:: MATERIAL PROVIDED

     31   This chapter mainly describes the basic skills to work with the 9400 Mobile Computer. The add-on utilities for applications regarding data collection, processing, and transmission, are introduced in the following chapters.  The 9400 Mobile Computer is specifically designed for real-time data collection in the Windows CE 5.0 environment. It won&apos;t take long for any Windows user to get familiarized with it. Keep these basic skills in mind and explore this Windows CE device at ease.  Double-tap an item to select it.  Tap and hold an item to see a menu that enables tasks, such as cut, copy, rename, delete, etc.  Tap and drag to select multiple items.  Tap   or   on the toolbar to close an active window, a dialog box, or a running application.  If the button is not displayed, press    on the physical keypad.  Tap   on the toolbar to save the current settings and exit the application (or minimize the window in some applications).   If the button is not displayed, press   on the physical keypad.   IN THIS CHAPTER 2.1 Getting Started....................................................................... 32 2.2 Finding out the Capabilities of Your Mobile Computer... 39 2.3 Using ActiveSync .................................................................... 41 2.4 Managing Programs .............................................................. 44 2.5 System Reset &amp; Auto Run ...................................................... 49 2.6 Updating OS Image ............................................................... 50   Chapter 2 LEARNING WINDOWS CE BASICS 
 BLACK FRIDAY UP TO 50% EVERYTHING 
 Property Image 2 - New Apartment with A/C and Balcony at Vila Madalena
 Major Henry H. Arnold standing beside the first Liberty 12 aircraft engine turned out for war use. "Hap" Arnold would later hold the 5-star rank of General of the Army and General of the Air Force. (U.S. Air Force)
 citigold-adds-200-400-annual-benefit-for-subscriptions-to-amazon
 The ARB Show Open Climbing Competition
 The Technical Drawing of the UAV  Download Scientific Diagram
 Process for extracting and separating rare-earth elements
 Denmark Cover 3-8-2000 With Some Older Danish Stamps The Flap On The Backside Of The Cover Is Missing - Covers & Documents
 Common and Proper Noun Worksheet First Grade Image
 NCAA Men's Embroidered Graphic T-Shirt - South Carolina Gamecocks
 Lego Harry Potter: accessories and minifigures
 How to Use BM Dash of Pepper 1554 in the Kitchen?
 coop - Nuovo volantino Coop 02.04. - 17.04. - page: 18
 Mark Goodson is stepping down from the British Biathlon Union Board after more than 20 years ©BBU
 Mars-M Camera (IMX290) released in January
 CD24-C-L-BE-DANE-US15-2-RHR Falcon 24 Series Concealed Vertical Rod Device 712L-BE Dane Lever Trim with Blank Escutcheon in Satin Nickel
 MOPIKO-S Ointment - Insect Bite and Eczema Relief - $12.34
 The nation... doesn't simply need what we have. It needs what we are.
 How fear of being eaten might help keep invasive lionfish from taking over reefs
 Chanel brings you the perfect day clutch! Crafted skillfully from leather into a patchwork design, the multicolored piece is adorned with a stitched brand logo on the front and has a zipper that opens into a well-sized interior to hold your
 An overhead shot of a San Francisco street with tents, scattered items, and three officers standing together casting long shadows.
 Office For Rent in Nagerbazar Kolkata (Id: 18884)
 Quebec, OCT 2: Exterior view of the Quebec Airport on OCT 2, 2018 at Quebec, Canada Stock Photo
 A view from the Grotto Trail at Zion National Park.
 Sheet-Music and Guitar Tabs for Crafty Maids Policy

::::

INSTRUCTIONS FOR THE TASK ▸ Output only the lines from the one that contains "Quebec, OCT 2: Exterior" through the last line of the data above, each restated exactly.

SOLUTION FOR THIS PROBLEM ▸
 Quebec, OCT 2: Exterior view of the Quebec Airport on OCT 2, 2018 at Quebec, Canada Stock Photo
 A view from the Grotto Trail at Zion National Park.
 Sheet-Music and Guitar Tabs for Crafty Maids Policy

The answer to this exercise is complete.